Temple O and Temple A of which little remains except for the rocky basement and the altar which was constructed between 490 and 460 BC. They had nearly identical structures, similar to that of Temple E on the East Hill. The peristyle was 16.2 x 40.2 m with 6 x 14 columns (6.23 metres high). Inside there was a pronaos in antis, a naos with an adyton and an opisthodomos in antis, separate from the naos. The naos was a step higher than the pronaos and the adyton was a step higher again. In the wall between the pronaos and the naos in Temple A two spiral staircases led to the gallery (or floor) above. The pronaos of Temple A has a mosaic pavement showing symbolic figures of the Phoenician goddess Tanit, a caduceus, the Sun, a crown, and a bull's head, which testifies to the reuse of the space as a religious or domestic area in the Punic period.

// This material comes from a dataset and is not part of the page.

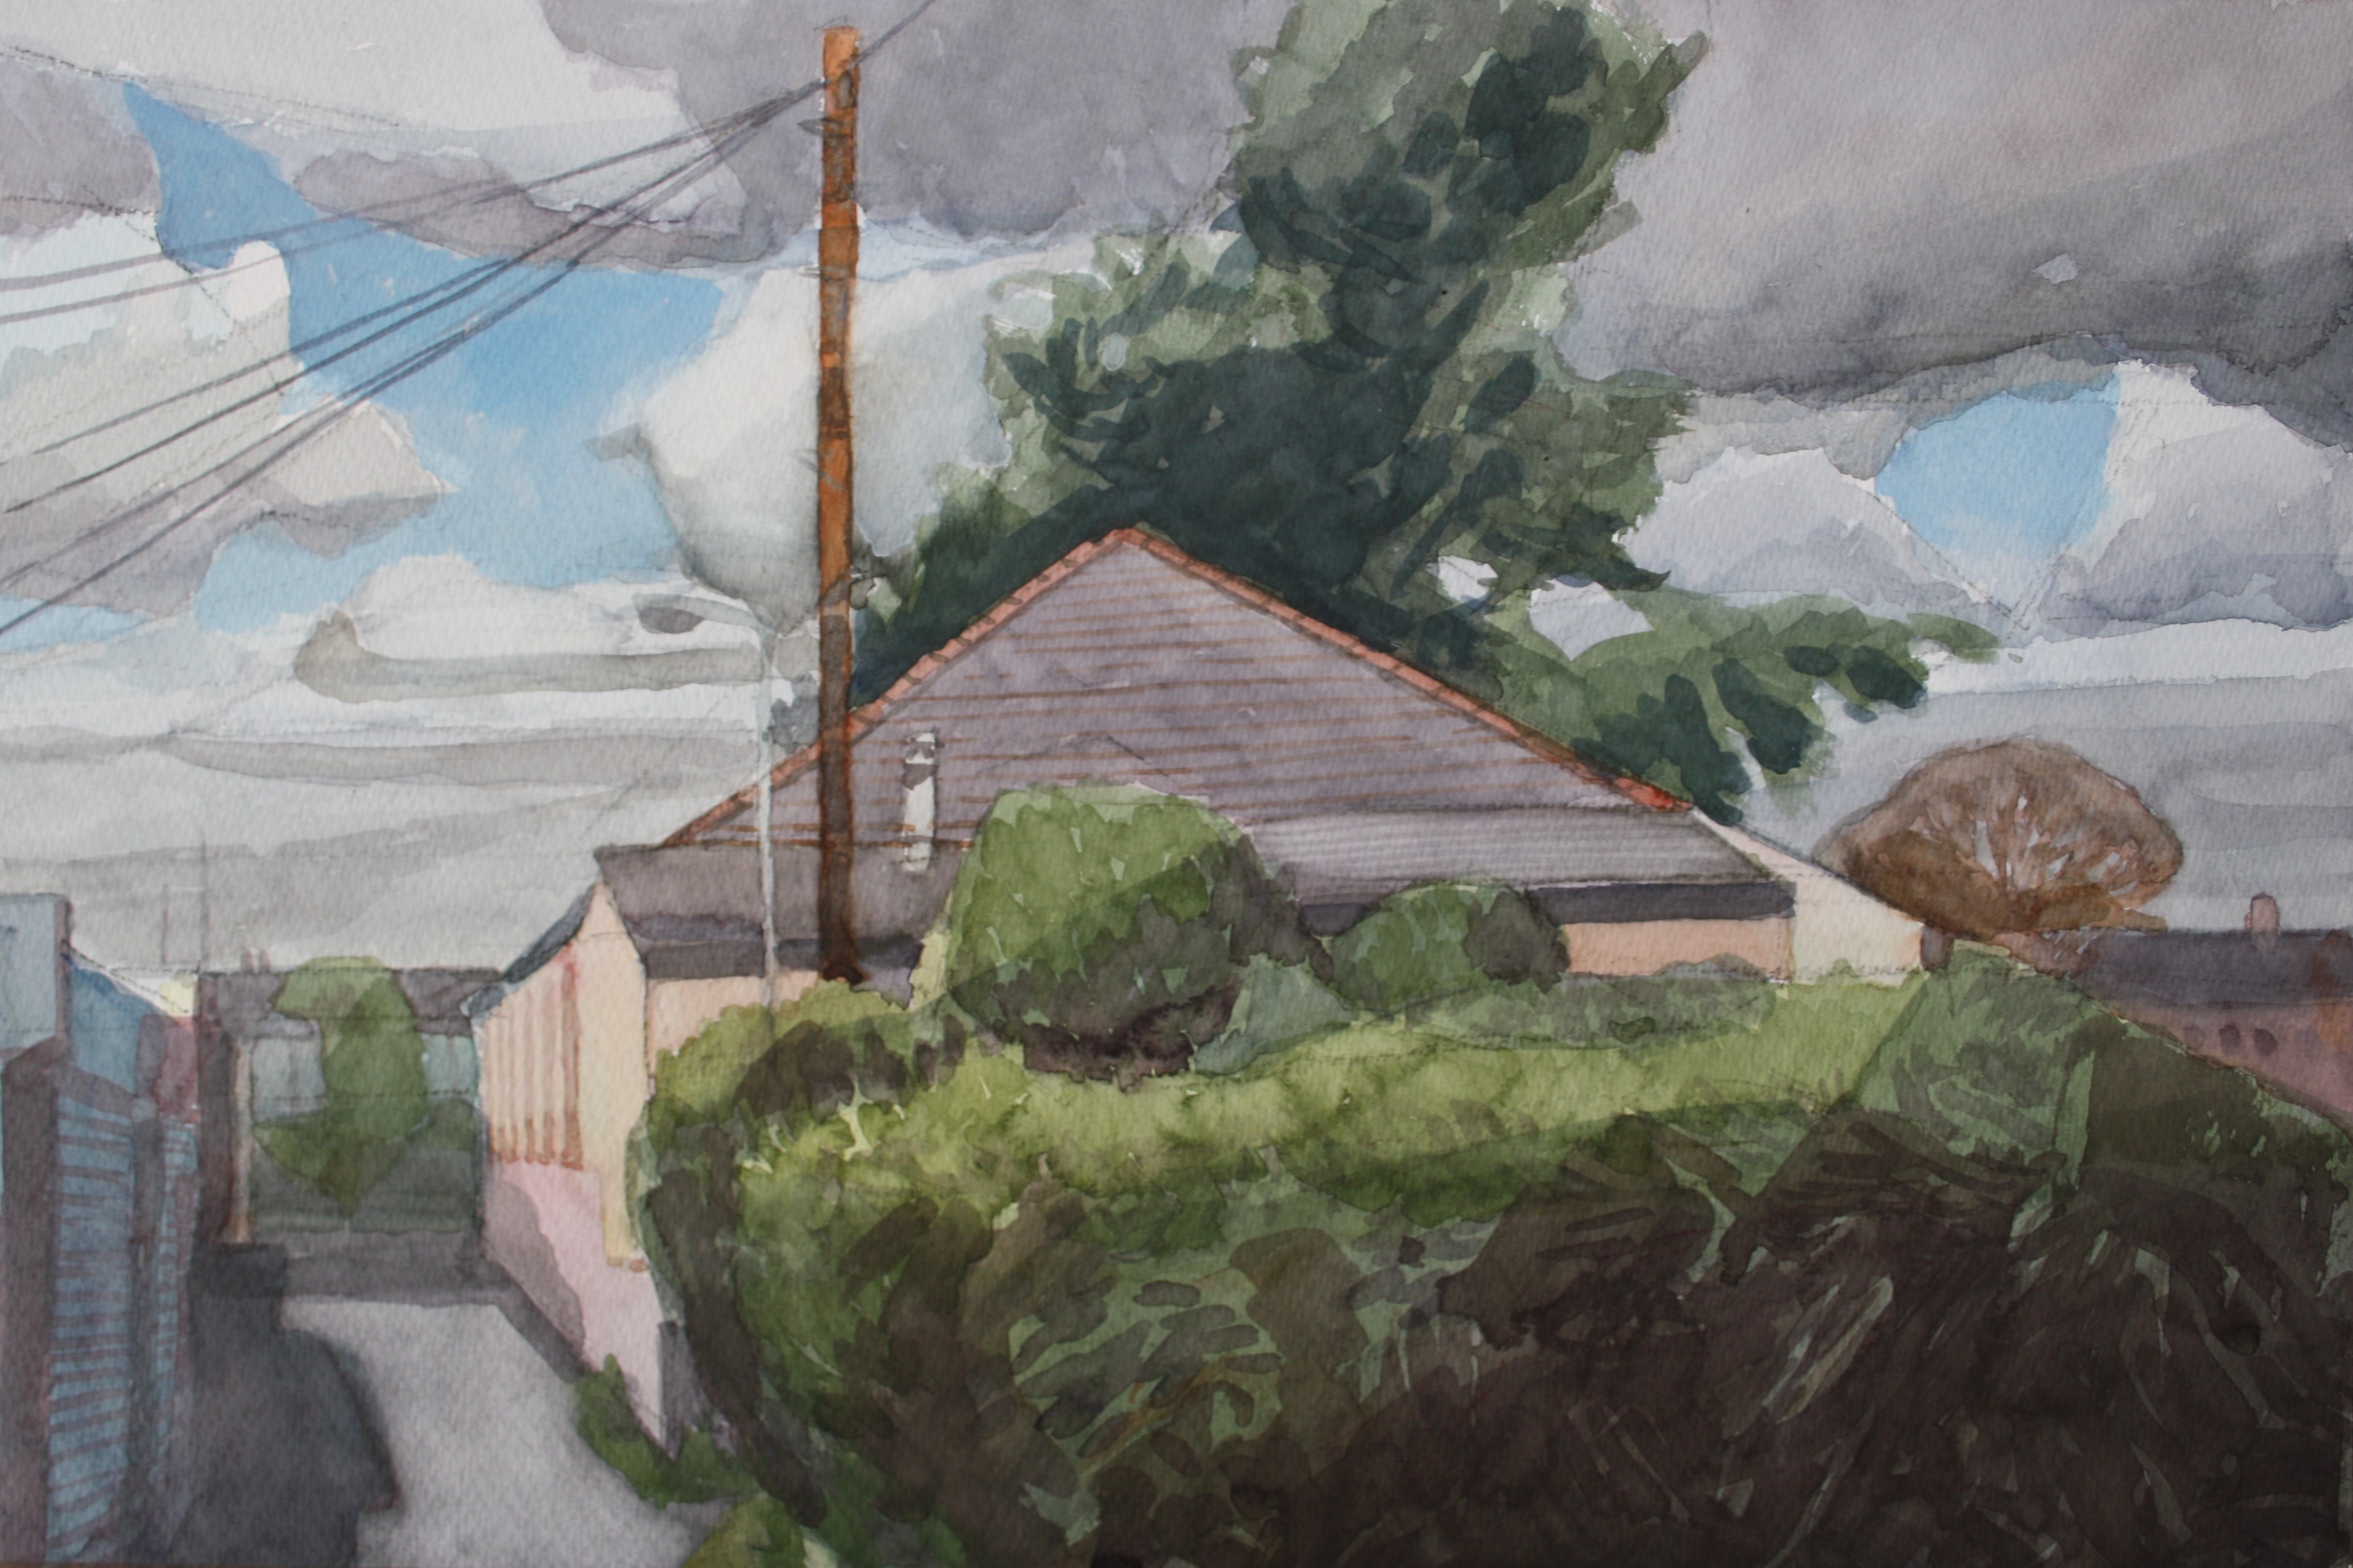 Sebastian Aplin, Heath Gospel Hall, Watercolour on paper, 36 x 54 cm, 2017

Temple O was dedicated to Poseidon or perhaps Athena; Temple A to the Dioscuri or perhaps to Apollo.

34 metres east of Temple A are the remains of the monumental entrance to the area, which took the form of a propylaea with a floorplan in the shape of a T, made up of a 13 x 5.6 metre rectangle with a peristyle of 5 x 12 columns and another rectangle of 6.78 x 7.25 metres.

Across the east–west street there is a second sacred area, north of the preceding. There, to the south of Temple C is a Shrine 17.65 metres long and 5.5 metres wide which dates from 580 to 570 BC and has the archaic form of the Megaron, perhaps intended to hold votive offerings. Lacking a pronaos, the entrance at the eastern end passed directly into the naos (at the centre of which there are two bases for the wooden columns which held up the roof). At the back there was a square adyton, to which a third space was added in a later period. The Shrine was perhaps dedicated to Demeter Thesmophoros.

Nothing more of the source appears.